As Joseph Campbell expressed it in the conversation to which I alluded in the last Bulletin, "Easter is not Easter and Passover is not Passover unless they release us from the tradition that gives us these feasts. ... We are challenged both mystically and socially, because our ideas of the universe have been re-ordered by our experience in space. The consequence is that we can no longer hold on to the religious symbols that we formulated when we thought that the earth was the center of the universe."
"The space age," Campbell continued, "demands that we change our ideas about ourselves, but we want to hold on to them. That is why" -- and these words apply to the Reform of the Reform -- "there is a resurgence of old-fashioned orthodoxy in so many places at the present time. ... We cannot hold on to ourselves and our in-groups as we once did.
"The space age makes that impossible, but people reject this demand or don't want to go back, so they pull back into one true church."
This space age reveals a no-horizons universe in which there is no longer an up or a down and an earth that is in the heavens rather than separated from it. This unity in the universe restores our sense of the unity of the human person and means that teachings and symbols that divide mind and body or flesh and spirit have lost their resonance with and their relevance for human experience.
The reform of the reform, therefore, wants to preserve the hierarchical form in every way that it can and to suppress the more traditional collegiality that matches the institutional needs of the church in the age of space.
The Easter season's emphasis on letting go of the deadened past in order to enter the abundant life of the future allows us to see that, granting their good intentions, the proponents of the reform of the reform are fundamentally rejecting the challenge of new life for the spurious comfort of memories of a golden age that never was.

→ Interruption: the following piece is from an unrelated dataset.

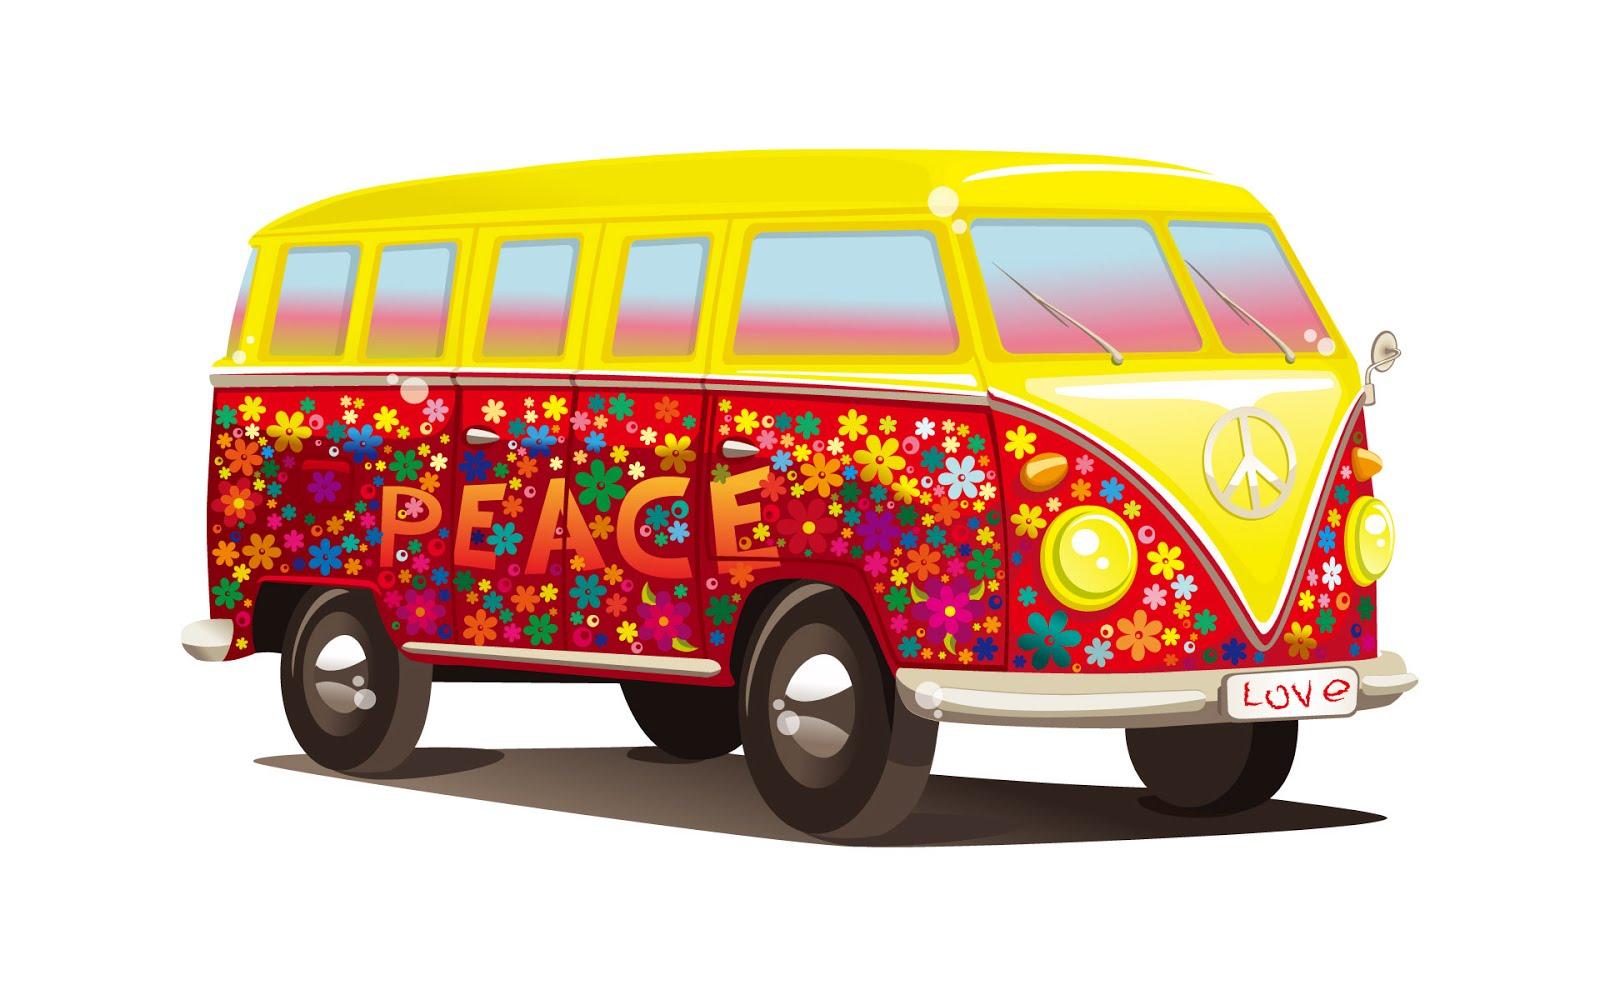 Cartoon Bus Wallpaper Cartoon Images 1600x1000

This longing for a romanticized and forlorn ecclesiology explains the range of initiatives that, like the literal translation of Mass texts now in use -- sort of -- seem so antiquated and ill-suited to modern tongues and contemporary experience. This desire to fend off a threatening future explains the efforts to restore the Latin Mass, to bring back a dead language to speak quaintly to living people, a clericalism as be-cassocked as it is besotted with its own superiority to the laypeople who have finally been put in their place outside the altar rail.
When we think of the smug rejection of women priests and the edgy reluctance to deal with sex abuse victims, we sadly realize that the good ship Reform of the Reform never heard of the lifeboat rule "Women and children first." Perhaps that is why, despite its now noisy glory as it keeps to its fated course, we can make out the legend TITANIC on its hull.
The 100th anniversary of the sinking of that vessel comes early in this Easter/Passover season. The biggest challenge for the reformers is that of letting go of their course, of shifting direction before they enter the iceberg field. They really have nothing to fear from the Easter season's urging us to let old things die so that new and richer life may replace it. As Campbell noted of the deeper understanding of our tradition and its symbols demands of us, "Understanding these symbols in their transcendent spiritual sense enables us to see and to possess our religious traditions freshly." That, in fact, is what the Easter season and Vatican II are all about, and that is what the reform of the reform does not seem to understand at all.
[Eugene Cullen Kennedy is emeritus professor of psychology at Loyola University, Chicago.]